In the U.S., the Trump administration has unveiled "Operation Warp Speed," so far pledging more than $11 billion in funding and support for seven candidates. Concerns have grown, however, that President Donald Trump, looking to boost his reelection prospects, will pressure the Food and Drug Administration to grant an early emergency authorization.
Lucrative supply deals between drugmakers and governments should secure early vaccine access for the U.S, Europe and other developed nations like Japan and Canada. The rest of the world might not be so fortunate, even with well-intentioned efforts by the World Health Organization and groups like GAVI, The Vaccine Alliance.
"It's not like we can expect 7 billion doses the day after licensure so we can vaccinate the whole world," said Emory University vaccines expert Walter Orenstein. Yet, to truly curb circulation of the SARS-CoV-2 virus in humans, getting vaccines to nations wealthy and poor will be a vital mission.
Expect a flurry of data, new answers and likely fresh questions to come through the remainder of 2020. Here's where things stand for 13 of the most advanced, most promising or best funded vaccine candidates in the pipeline.

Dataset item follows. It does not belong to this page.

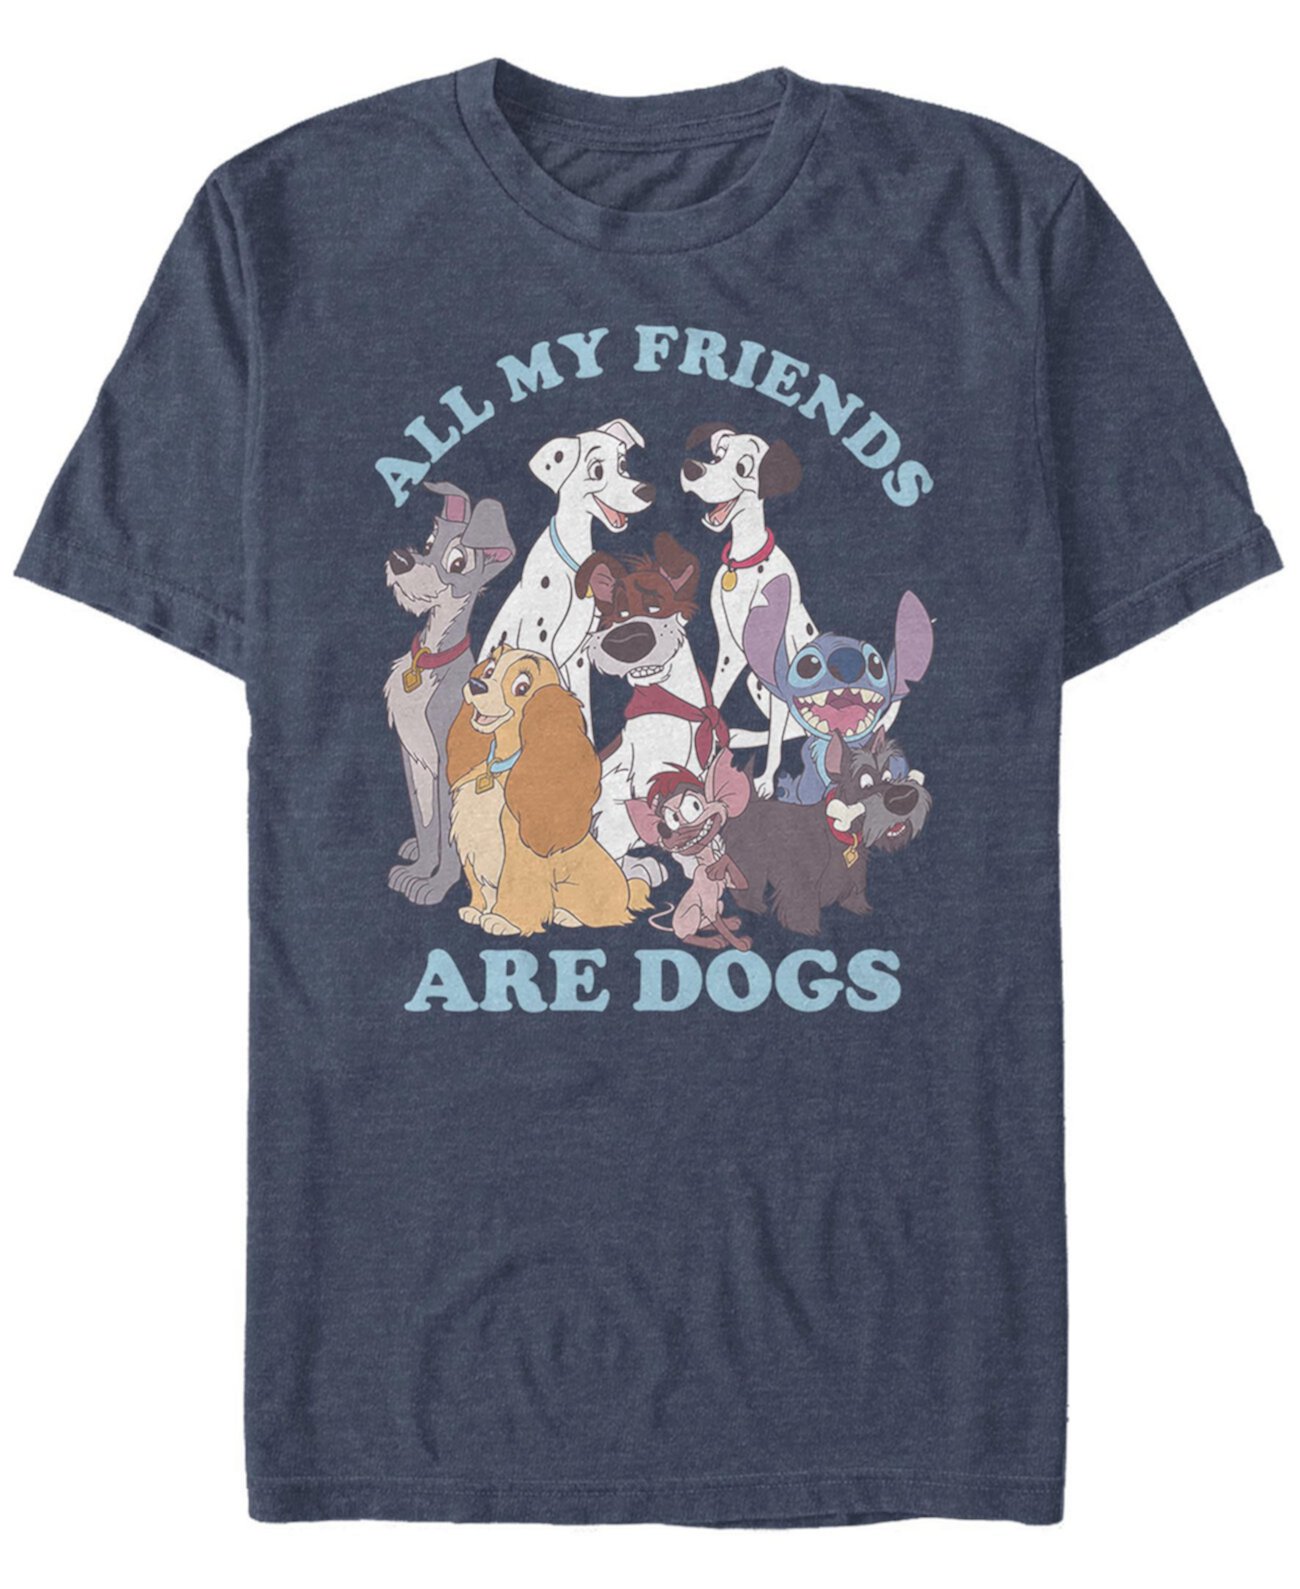 Мужская футболка с коротким рукавом Disney Multi Franchise Dog Friends FIFTH SUN

One of the great allures of messenger RNA technology — an unproven approach that instructs cells to produce specific proteins — is that it can be used to make a vaccine much faster than traditional methods. Moderna's experimental coronavirus vaccine is proof.
The vaccine went from a computer design in January to human study in just three months, making Moderna the first U.S. company to reach that point.

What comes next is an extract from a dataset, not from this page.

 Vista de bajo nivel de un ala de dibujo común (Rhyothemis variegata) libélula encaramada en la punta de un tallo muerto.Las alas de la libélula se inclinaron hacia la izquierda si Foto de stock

Since then, Moderna has kept up its record pace. Snippets of Phase 1 results came in late May, as did the start of a mid-stage trial. A Phase 3 study began on July 27, and was almost fully enrolled by mid-October, making the company's effort one the best hopes for a vaccine by early next year.
Results to date showed Moderna's shot can spur immune responses in both young and elderly adults that were similar or higher to what's been observed in recovered COVID-19 patients. The vaccine also appears safe, although only the large trial now underway can fully answer that question.
Much still needs to go right. No mRNA vaccine has been proven to prevent an infectious disease, and none have been manufactured and distributed at scale, let alone during a pandemic. Moderna's findings to date are encouraging, but don't guarantee success.
The company has also come under scrutiny, both for the price it plans to charge the U.S.
government as well as for the intellectual property it claims for its vaccine. Government scientists have supported Moderna's work and could hold rights to some of the underpinning technology. Seemingly in response, Moderna has said it will not enforce patent rights related to its vaccine technology for the duration of the pandemic.